Book Northern English

Download or read book Northern English written by Katie Wales and published by Cambridge University Press. This book was released on 2006-06-29 with total page 212 pages. Available in PDF, EPUB and Kindle. Book excerpt: English as spoken in the north of England has a rich social and cultural history; however it has often been neglected by historical linguists, whose research has focused largely on the development of 'Standard English'. In this groundbreaking, alternative account of the history of English, Northern English takes centre stage for the first time. Emphasising its richness and variety, the book places northern speech and culture in the context of identity, iconography, mental maps, boundaries and marginalisation. It reassesses the role of Northern English in the development of Modern Standard English, draws some pioneering conclusions about the future of Northern English, and considers the origins of the many images and stereotypes surrounding northerners and their speech. Numerous maps, and a useful index of northern English words and pronunciations, are included.
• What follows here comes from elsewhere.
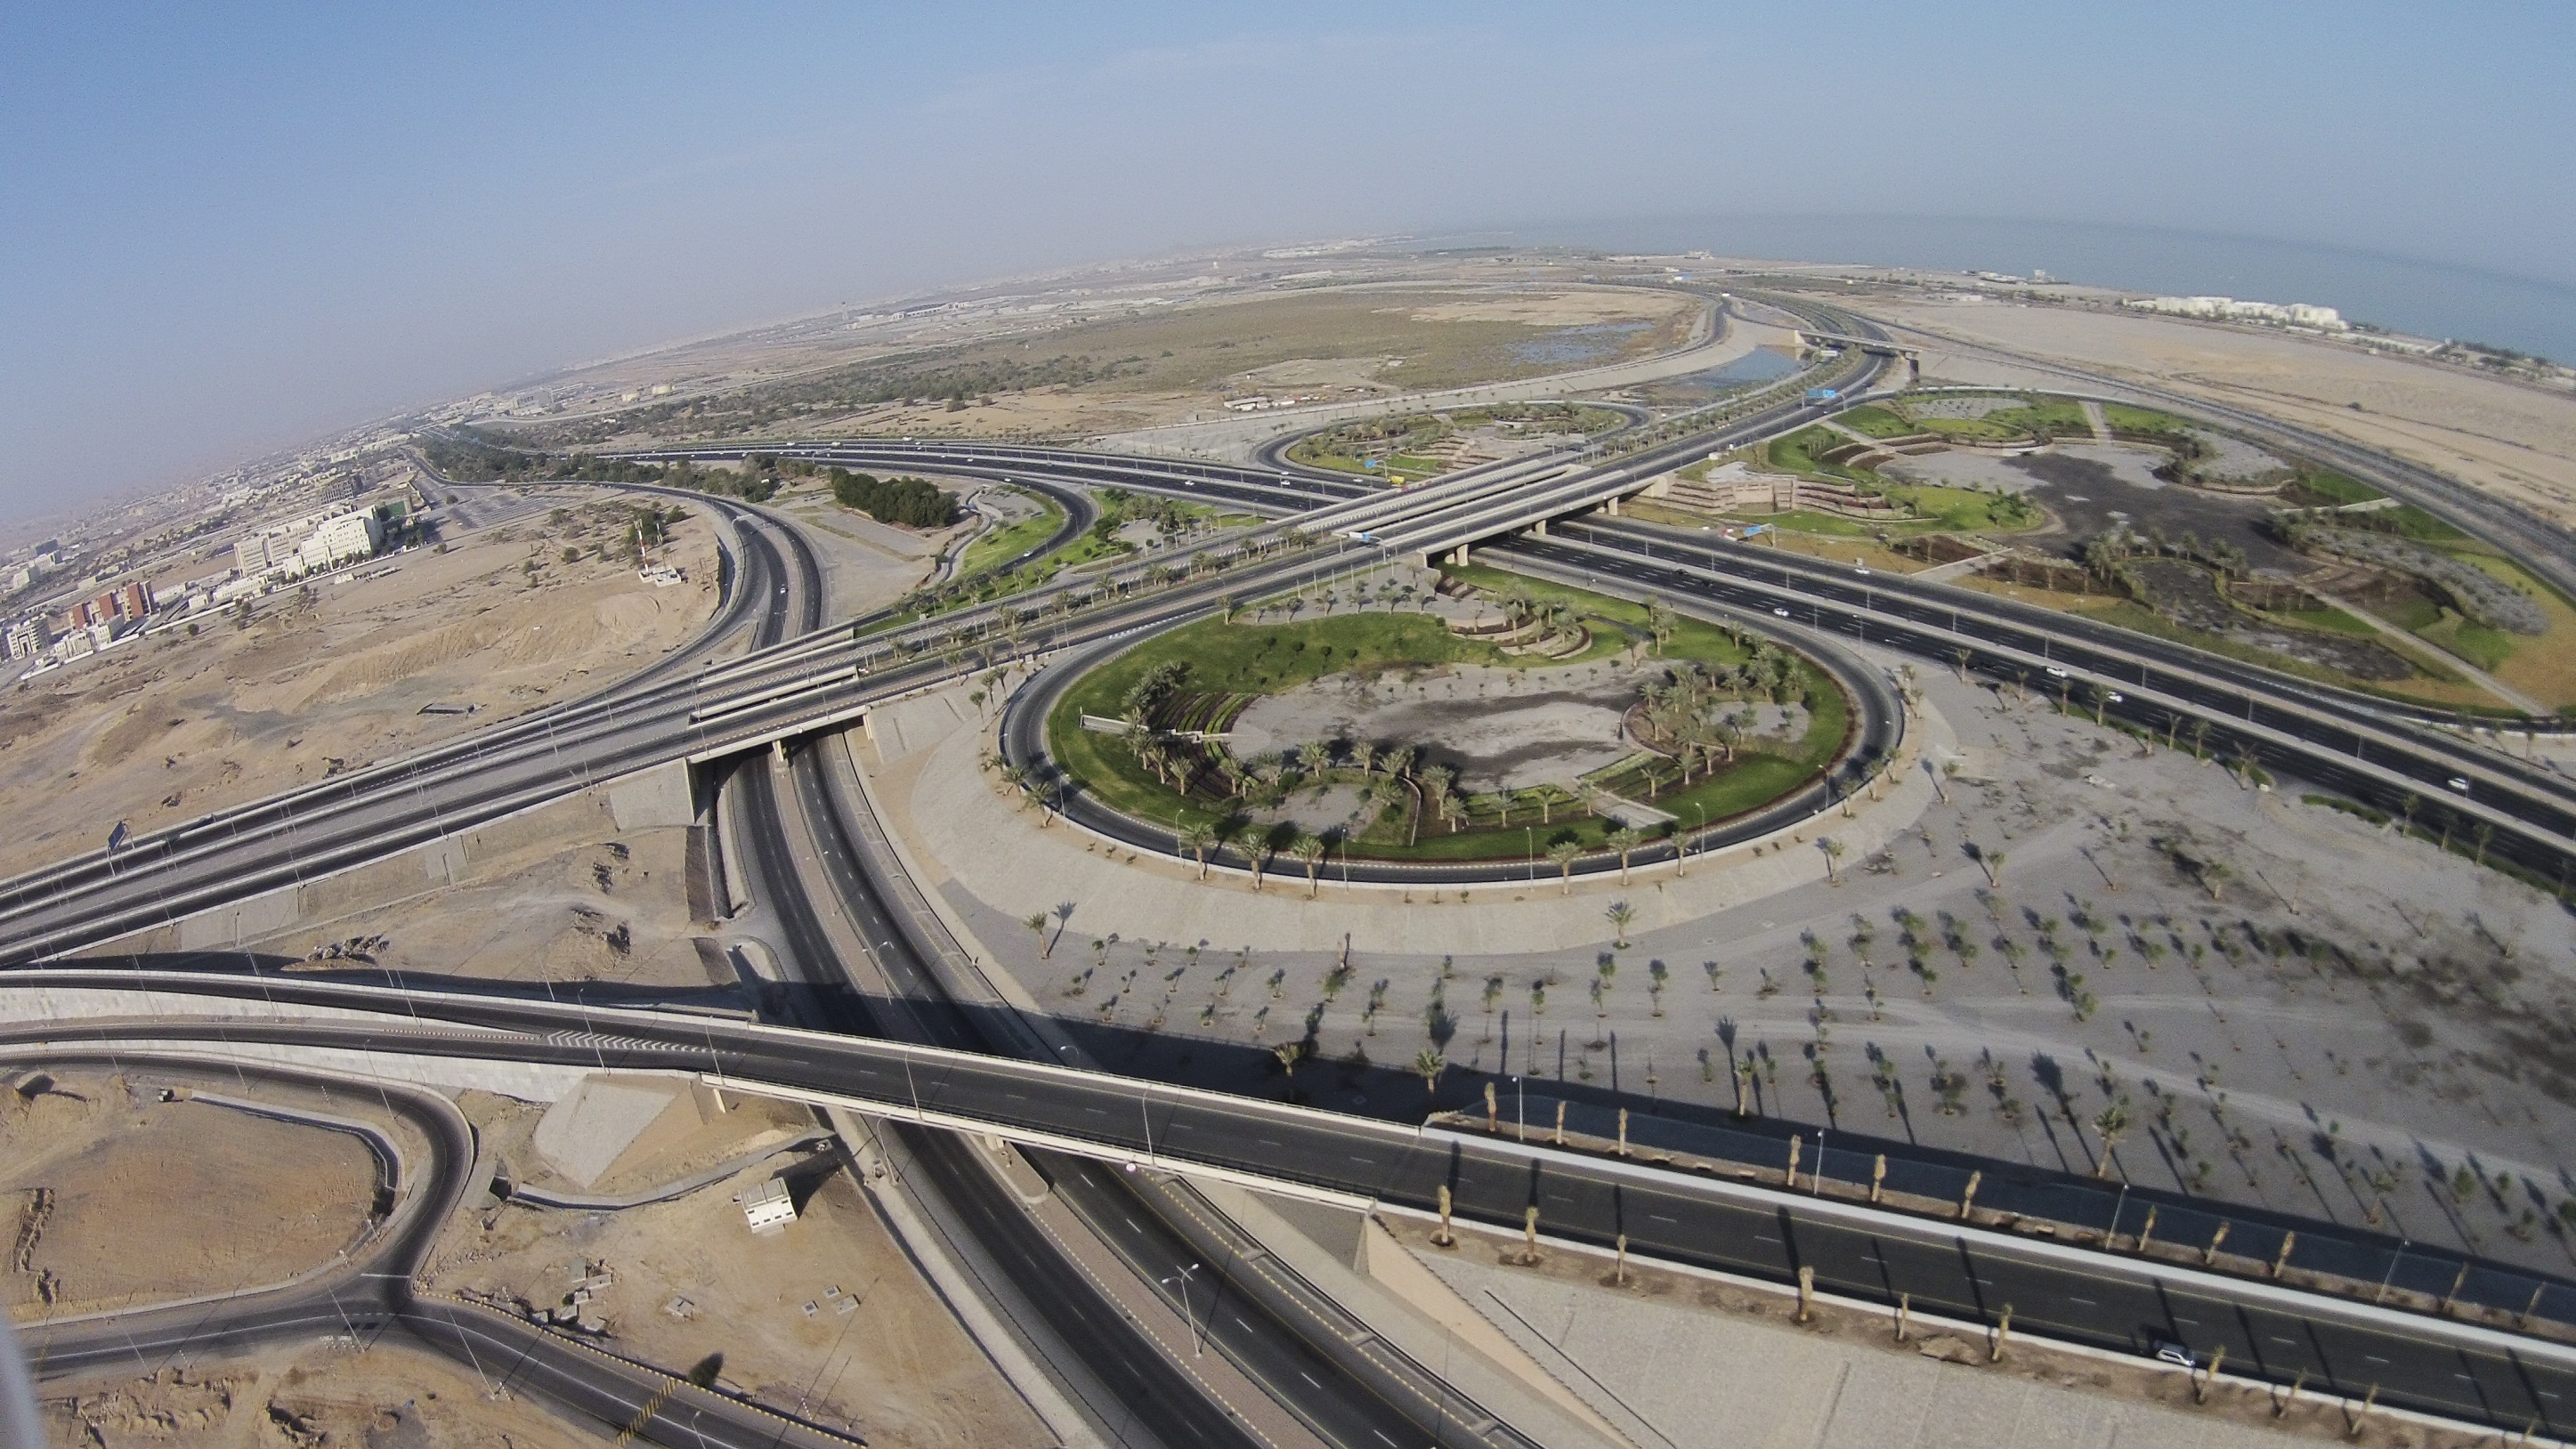 Photo of بالصور: الانتهاء من تنفيذ مشروعات طرق حيوية ترتبط بمطار مسقط الجديد
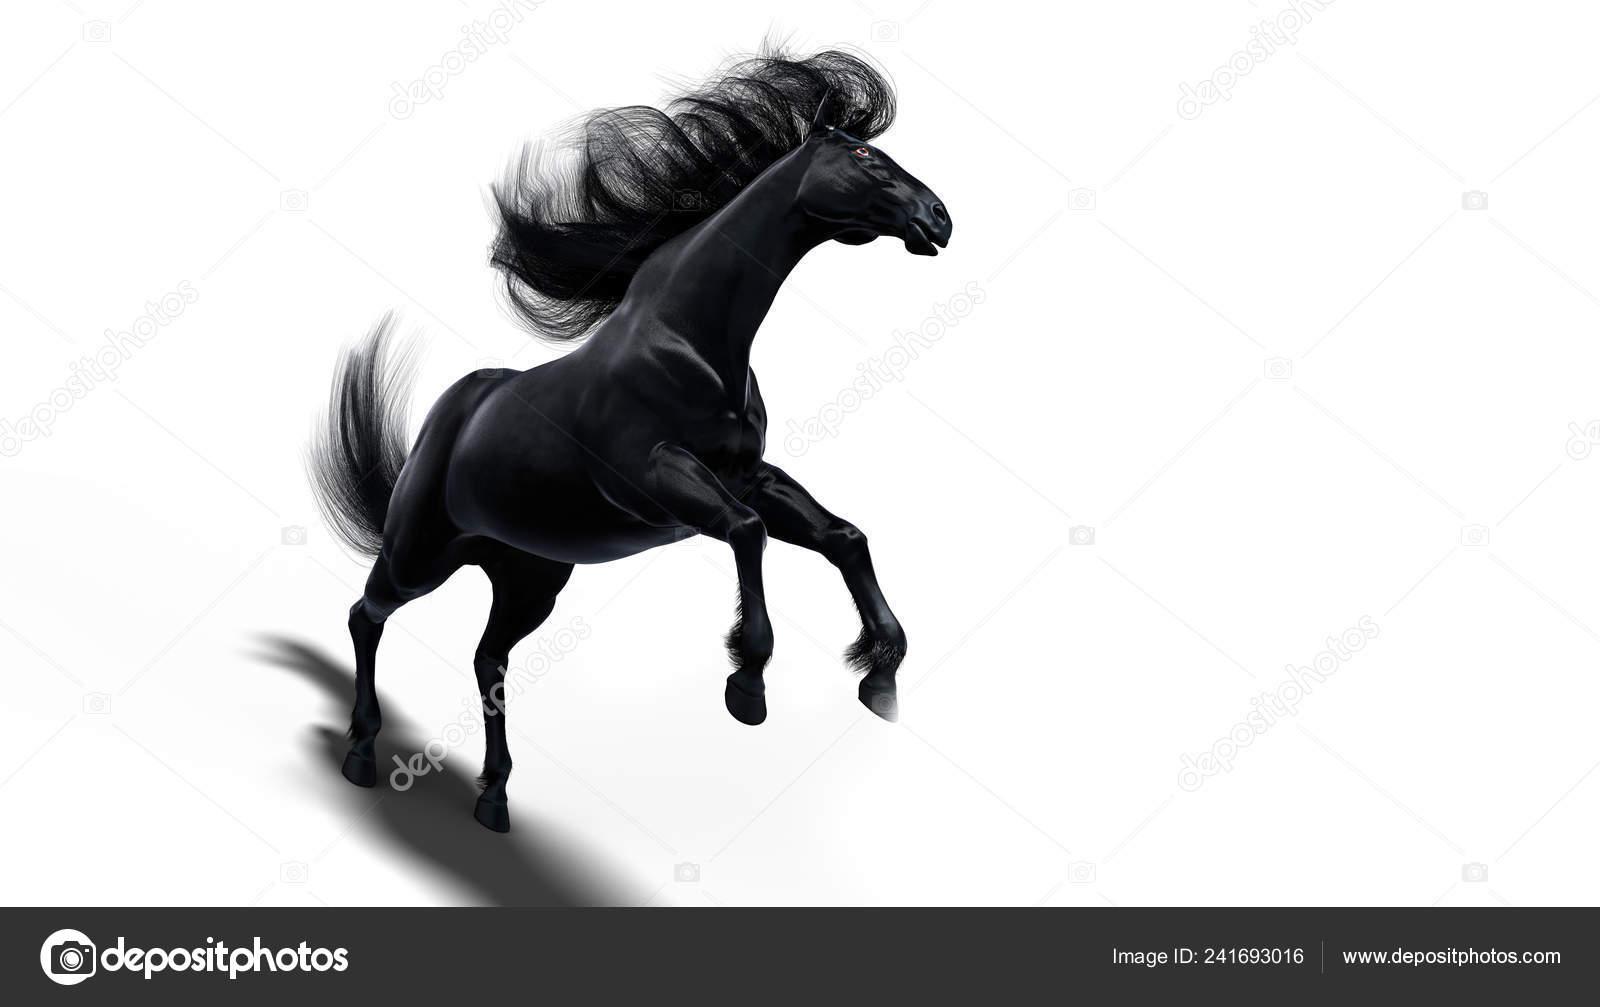 Black Running Horse White Background Isolated Illustration Stock Photo C Vitaliy Sokol 241693016

Innovative and original, Northern English will be welcomed by all those interested in the history and regional diversity of English.

Book The Northumbrians

    Book Details:
  • Author : Dan Jackson
  • Publisher : Oxford University Press
  • Release : 2019-11-01
  • ISBN : 1787383490
  • Pages : pages

Download or read book The Northumbrians written by Dan Jackson and published by Oxford University Press. This book was released on 2019-11-01 with total page pages. Available in PDF, EPUB and Kindle. Book excerpt: Why is the North East the most distinctive region of England? Where do the stereotypes about North Easterners come from, and why are they so often misunderstood? In this wideranging new history of the people of North East England, Dan Jackson explores the deep roots of Northumbrian culture--hard work and heavy drinking, sociability and sentimentality, militarism and masculinity--in centuries of border warfare and dangerous and demanding work in industry, at sea and underground. He explains how the landscape and architecture of the North East explains so much about the people who have lived there, and how a 'Northumbrian Enlightenment' emerged from this most literate part of England, leading to a catalogue of inventions that changed the world, from the locomotive to the lightbulb. Jackson's Northumbrian journey reaches right to the present day, as this remarkable region finds itself caught between an indifferent south and a newly assertive Scotland. Covering everything from the Venerable Bede and the prince-bishops of Durham to Viz and Geordie Shore, this vital new history makes sense of a part of England facing an uncertain future, but whose people remain as distinctive as ever.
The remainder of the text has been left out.